Internet, dos décadas
Hace casi 20 años comencé a utilizar internet. Desde entonces, de una o de otra forma, he estado conectado cotidianamente a la web.
Al principio, el acceso a este medio no era gran cosa, nada que exigiera gastar más de cinco o diez minutos diarios: un correo electrónico, unas pocas páginas para navegar a través de Netscape, a una velocidad máxima de conexión de 28.8 Kbps, estándar V.34, el 0.06836% de la velocidad que hoy tengo contratada. Dicho al revés: hoy navego unas 1,463 veces más rápido y la cantidad de contenido a la que tengo acceso es muy superior.
En parte, lo escrito arriba es sólo estadística. Los efectos profundos de la revolución informática-digital encarnada en internet, su carácter protésico de la memoria, el declive de la cultura humanista y libresca que definió a Occidente durante siglos, la ruptura de los lazos sociales tradicionales y la decadencia de los valores que hace 60 ó 70 años se tomaban como absolutos, los cambios que aceleran una proletarización del conocimiento para volverlo mera doxa (abandono de la aspiración al saber o episteme), y otras catástrofes más, son la sustancia real de la web.

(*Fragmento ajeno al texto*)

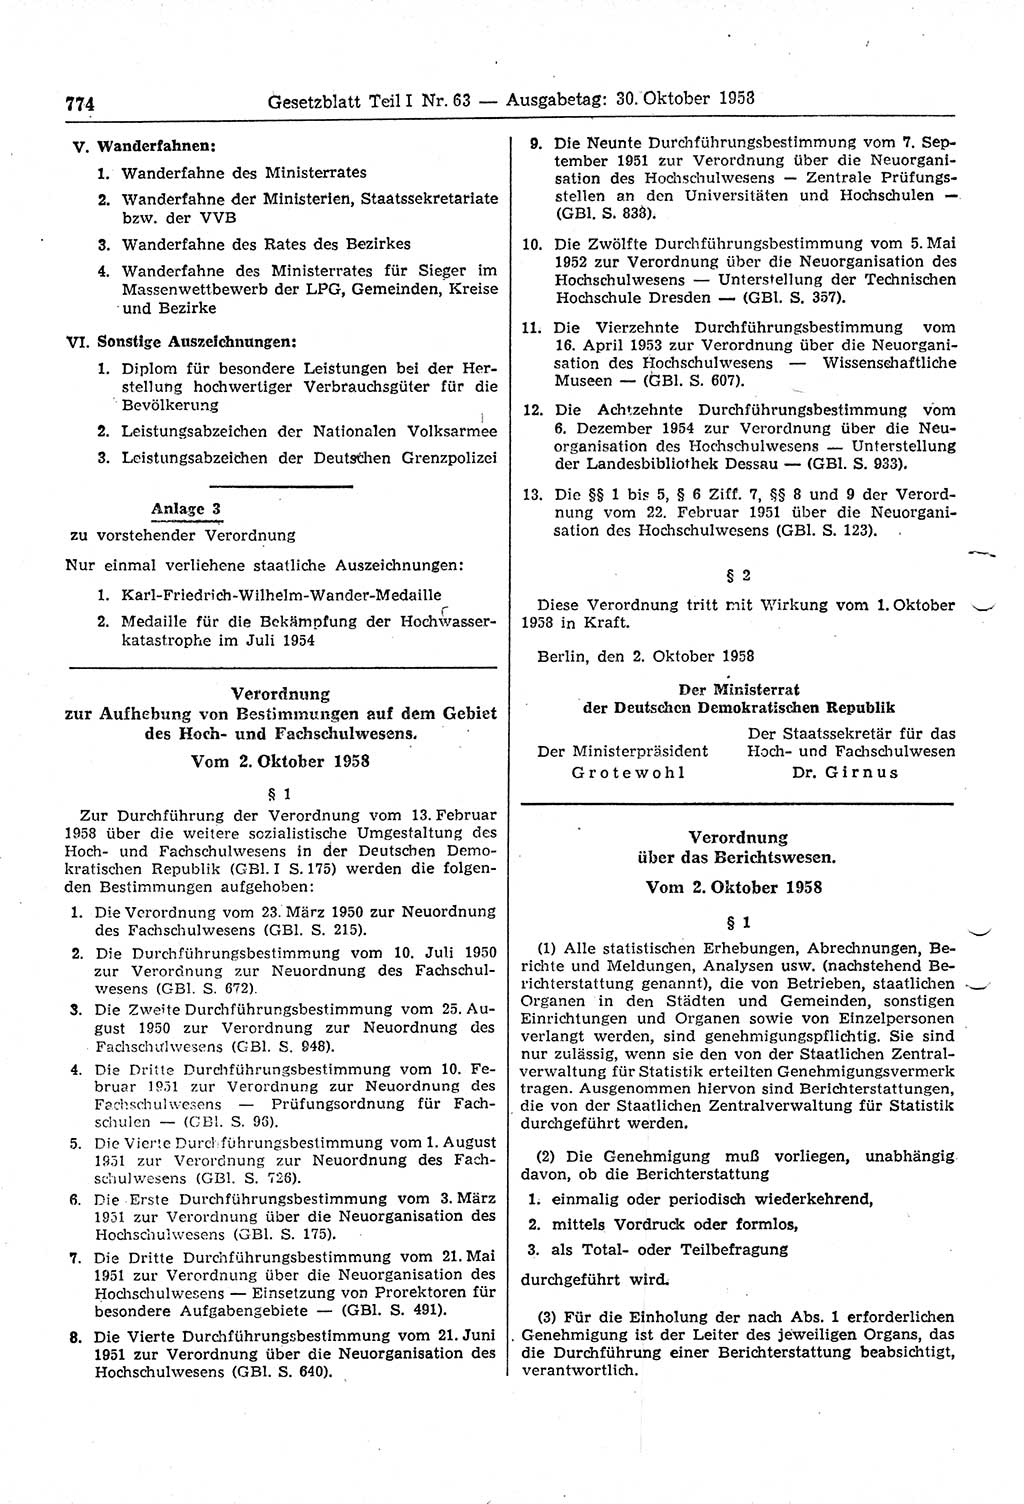 Gesetzblatt (GBl.) der Deutschen Demokratischen Republik (DDR) Teil Ⅰ 1958, Seite 774 (GBl. DDR Ⅰ 1958, S. 774)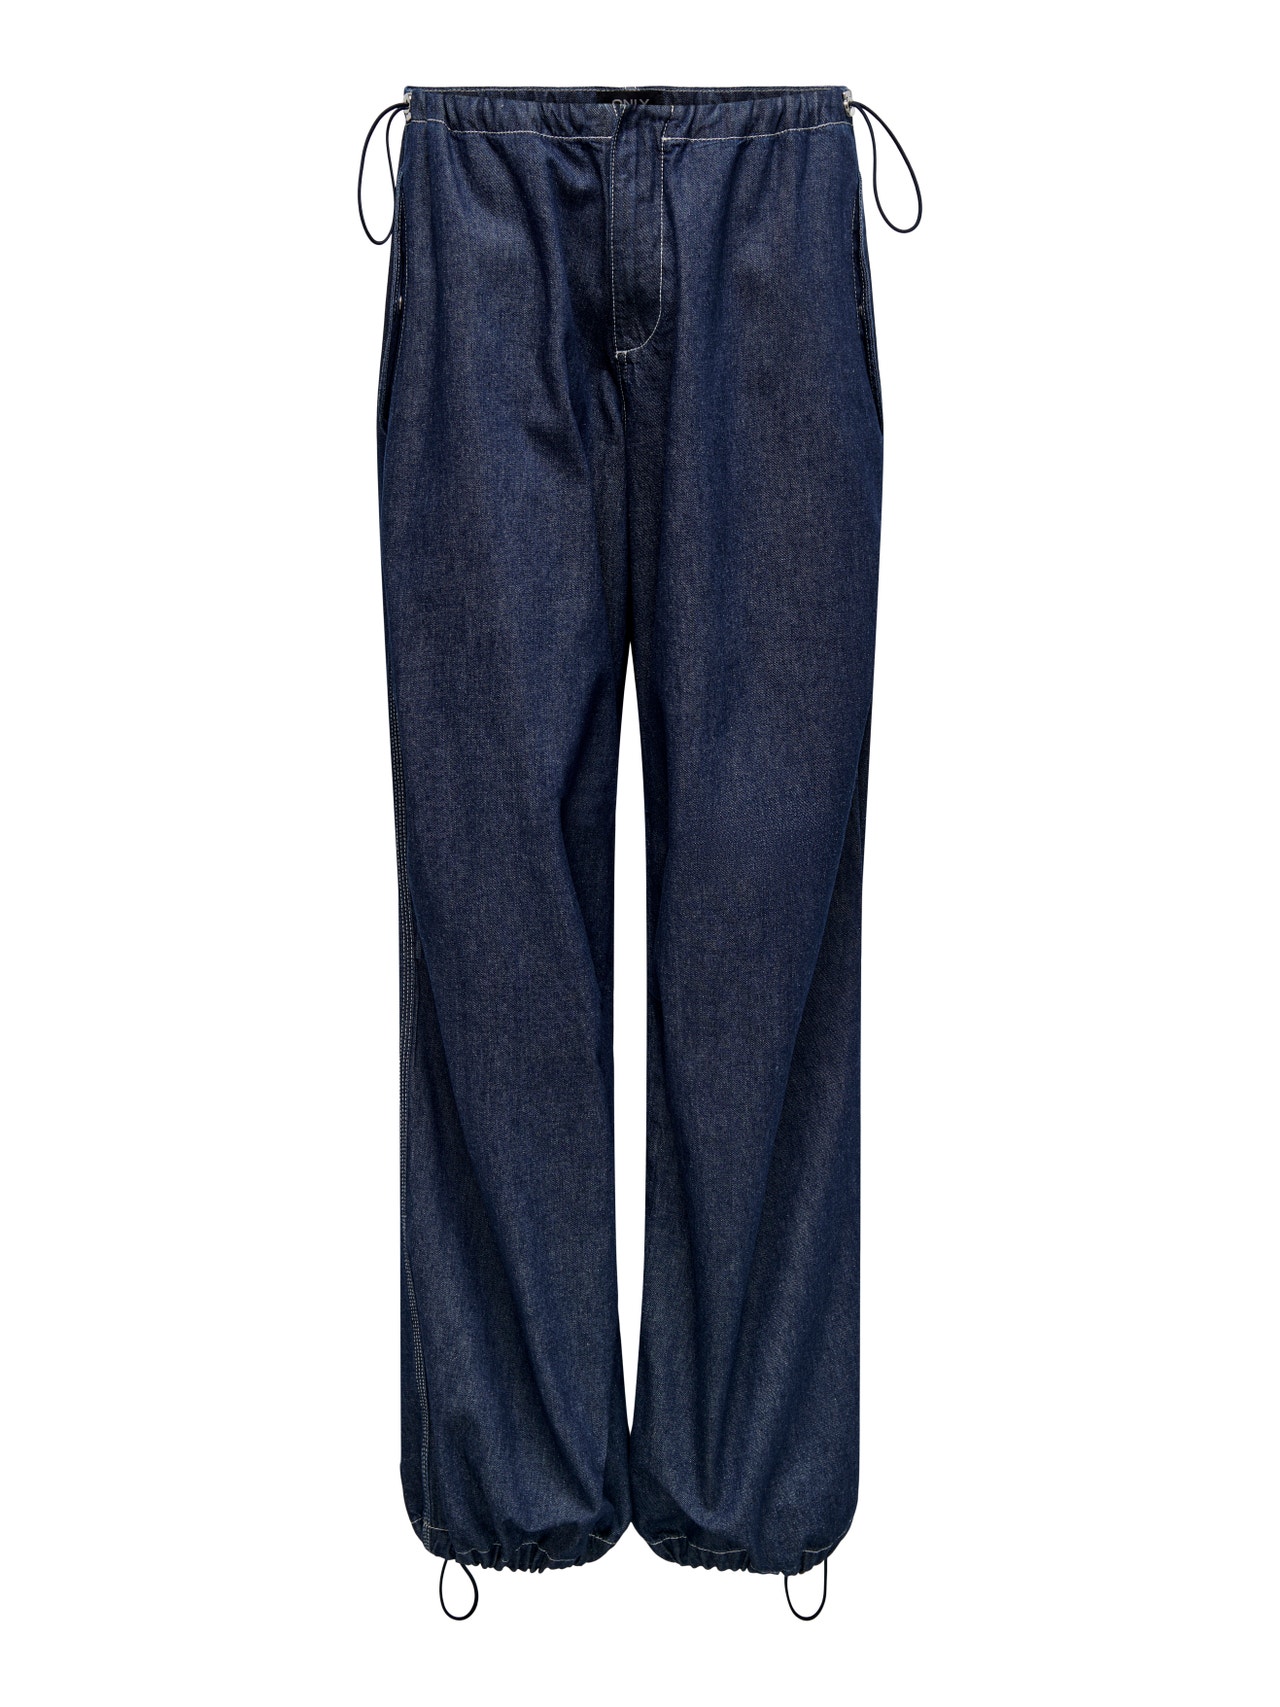 ONLY Jeans Baggy Fit Taille classique Cordon de réglage -Dark Blue Denim - 15304285

Apolalípticos e integrados
Si inmediatamente arriba recuerdo el título del famoso libro de Umberto Eco lo hago con nostalgia y con burla. Una cosa era hablar en un ámbito universitario de la decadencia de Occidente, sin abandonar los supuestos que dan fundamento a esa cultura; otra muy distinta es socavar sus fundamentos mediante clics en una pantalla que muestra una realidad no-real, la virtualidad pura.
Vivimos los tiempos de la post-verdad, días en que la “versión de los hechos” es 100% manipulable desde una cuenta de Twitter y los efectos de tal acción pueden ser devastadores. Internet no debió servir para esto.
Martin Heidegger, el filósofo alemán —tan vilipendiado por los humanistas bien pensantes y por los vigilantes de las buenas conciencias— no previó esto. Pero sí advirtió de los efectos de la técnica en este movimiento que nos dirige hacia el ocaso del humanismo.